In accordance with article 185 of the National Code of Criminal Procedures, the abbreviated procedure aims to conclude a certain judicial process in advance. That is, it seeks to end the judicial process before reaching the oral stage, with the judge taking control of it to rule on the sentence.
The abbreviated procedure is a special criminal process that seeks to speed up the investigation, prosecution and ruling of certain crimes. It is used for offenses punishable by up to nine years in prison, as described in article 757 and following of the Law of Criminal Procedure.
Expedited procedure requirements
As established in article 201 of the National Code of Criminal Procedures, the abbreviated procedure has a series of requirements, which we list below:
1. The Public Ministry must request it. The document must collect the accusation and present with evidence on what the request is based. It is then that the facts attributed to the accused are listed, as well as the penalties and the degree of intervention.
2. The victim must not object. For the abbreviated procedure to be effective, the victim cannot oppose the request. If he does, he must justify her position. Thus, article 204 of the National Code of Criminal Procedures shows that the opposition of the victim or offended party will only be appropriate when it is proven before the Control Judge that the repair of the damage is not duly guaranteed.

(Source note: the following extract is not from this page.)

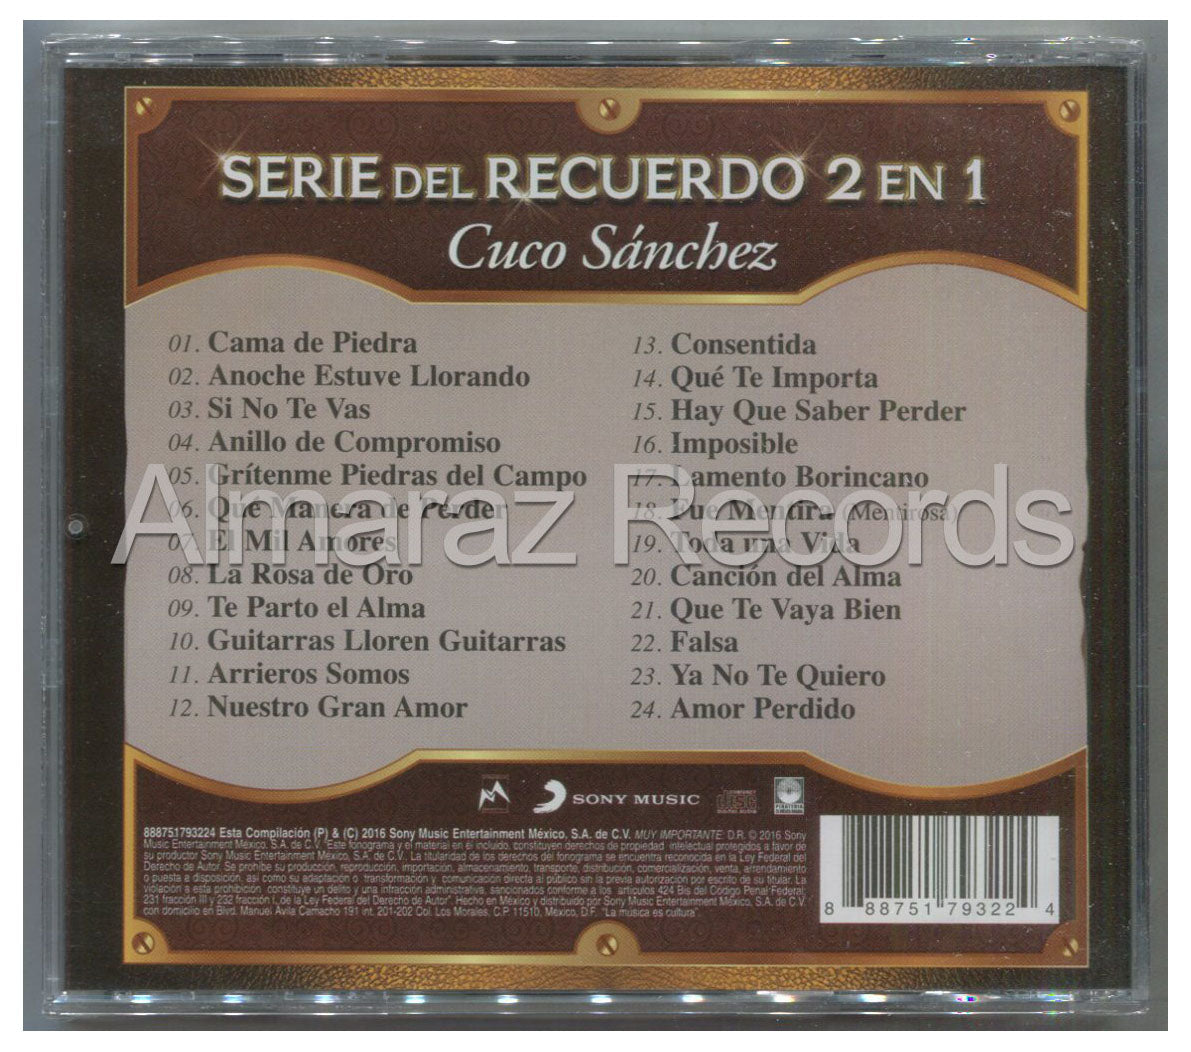 Cuco Sanchez Serie Del Recuerdo 2 En 1 CD

3. The accused must know his right to an oral trial and the scope of the Abbreviated Procedure. The defendant will have to expressly waive the oral trial, as well as accept the abbreviated procedure and admit his responsibility in the crime for which he is being tried.
Characteristics of the abbreviated procedure
The abbreviated procedure has a series of singularities that differentiate it from the common procedure, as we can see below:
1. Agility in the procedure. In order to shorten some terms of the process, a series of measures are carried out to achieve more fluidity. Such as the agile treatment of competition issues, suppression of some procedures and a maximum period of 30 days for the suspension of the procedure or the possibility of holding the oral trial without the presence of the accused when the sentence is less than two years.
2. Reinforced guarantees for the victim. The Public Prosecutor is in charge of protecting the rights of the victim, but also of the investigated.
3. Outstanding functions of the Police and the Ministry. In this process, both the Local Police and the Public Prosecutor's Office play a greater role.
Phases of the abbreviated procedure
In the first place, the abbreviated procedure begins with the opening of the proceedings to be carried out in the preliminary investigation at the time the crime is detected. At this point where the Public Prosecutor contacts the victim and checks the facts.
The second phase corresponds to the instruction, carried out by the judge. At this stage, preliminary diligence is carried out to collect all the necessary information.
The preparation of the oral trial is the third part of the abbreviated procedure, at which time it is analyzed whether it is necessary to establish the procedure and the competent body for the trial.
The last phase is the oral trial. At this time, the judge analyzes the evidence and assesses whether he admits or rejects it. Subsequently, the parties are notified to appear with their legal representatives. The oral trial concludes with the practice of the evidence and the final arguments.
How does the abbreviated procedure help the accused?
In accordance with article 202 of the National Code of Criminal Procedures, the defendant who receives a sentence through the abbreviated procedure may see the sentence of the crime for which he is accused reduced:
"When the accused has not been previously convicted of a malicious crime and the crime for which the abbreviated procedure is carried out is punished with a prison sentence whose arithmetic mean does not exceed five years, including its mitigating or aggravating qualifiers, the Public Ministry may request the reduction of up to one half of the minimum sentence in the case of intentional crimes and up to two thirds of the minimum sentence in the case of negligent crimes, of the prison sentence that corresponds to the crime for which he accuses.
In any case, the Public Ministry may request the reduction of up to one third of the minimum in the case of intentional crimes and up to one half of the minimum in the case of negligent crimes, of the prison sentence.”